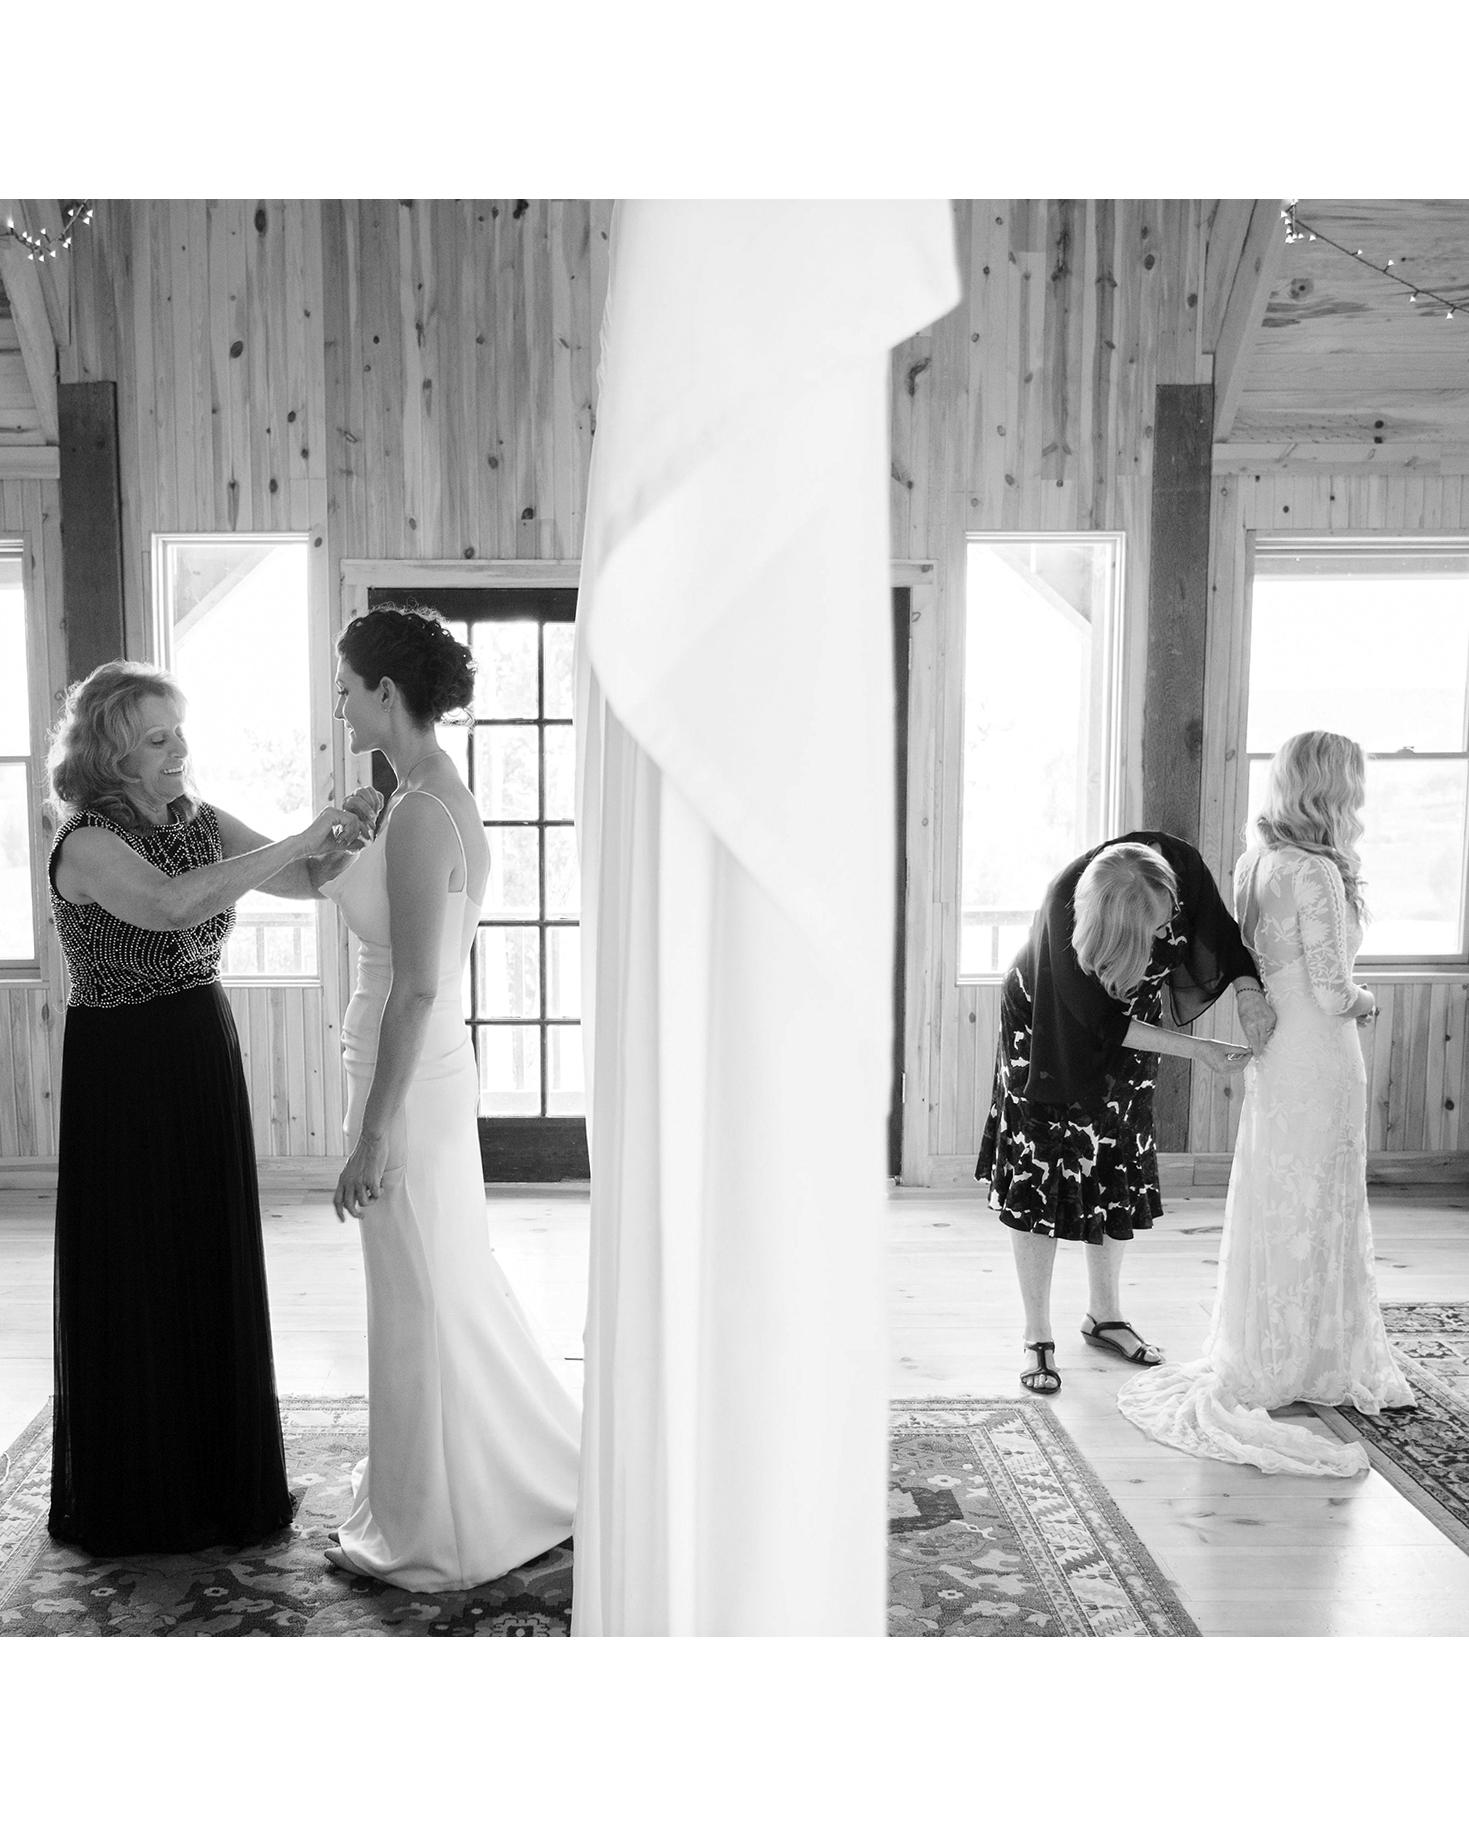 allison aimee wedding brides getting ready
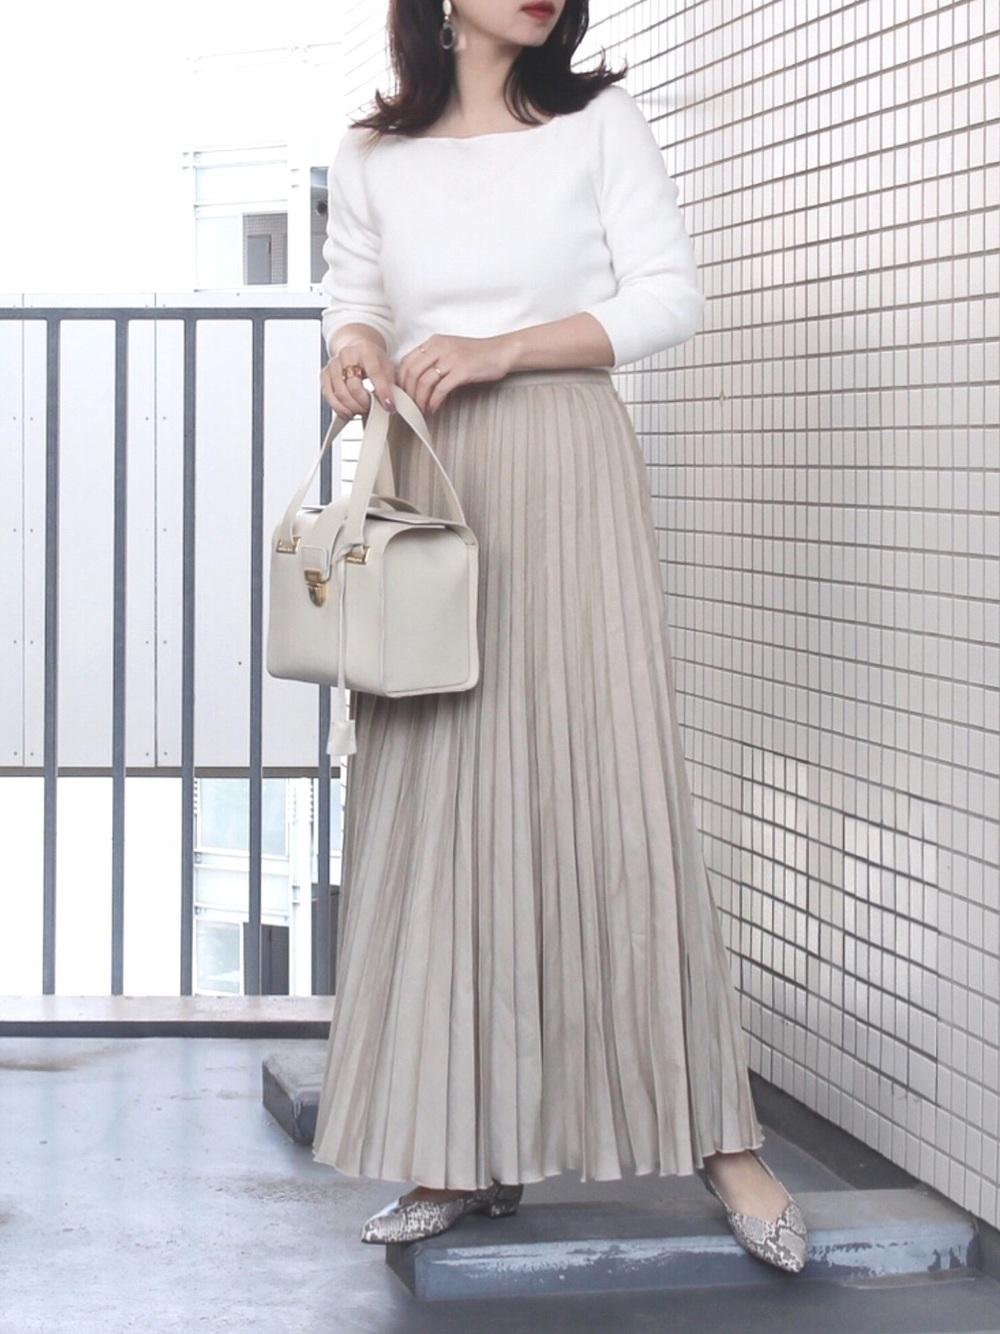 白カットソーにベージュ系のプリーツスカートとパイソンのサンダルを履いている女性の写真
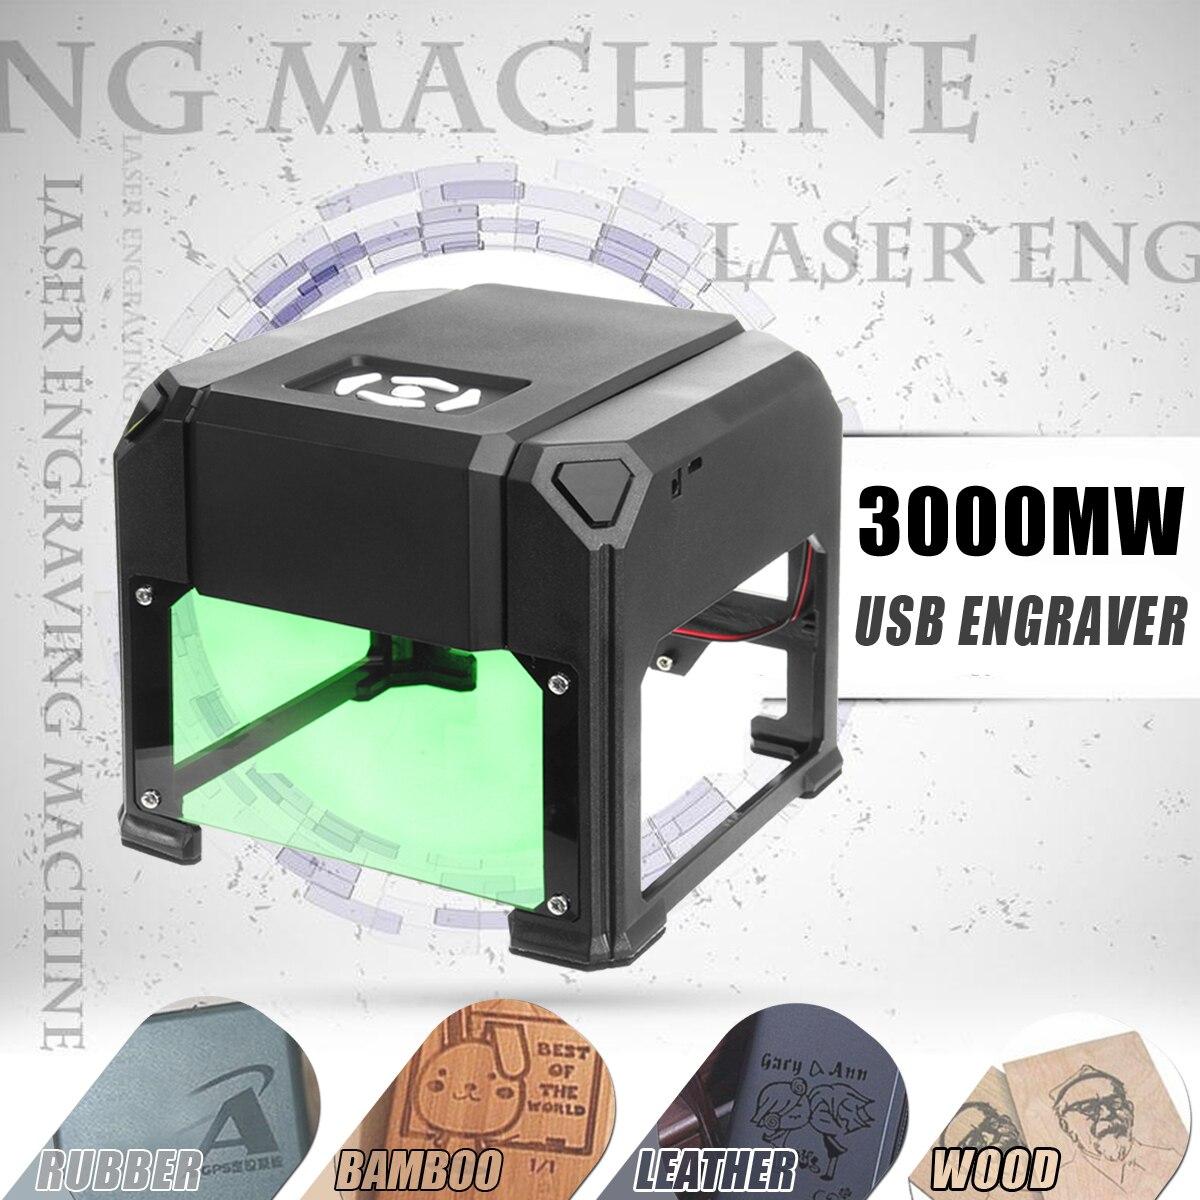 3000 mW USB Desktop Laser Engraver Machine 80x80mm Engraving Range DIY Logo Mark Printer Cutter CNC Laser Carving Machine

:::

Reproduce the whole listing exactly, but not the images in it.

→ Solution for this task
 allison aimee wedding brides getting ready
 白カットソーにベージュ系のプリーツスカートとパイソンのサンダルを履いている女性の写真
 3000 mW USB Desktop Laser Engraver Machine 80x80mm Engraving Range DIY Logo Mark Printer Cutter CNC Laser Carving Machine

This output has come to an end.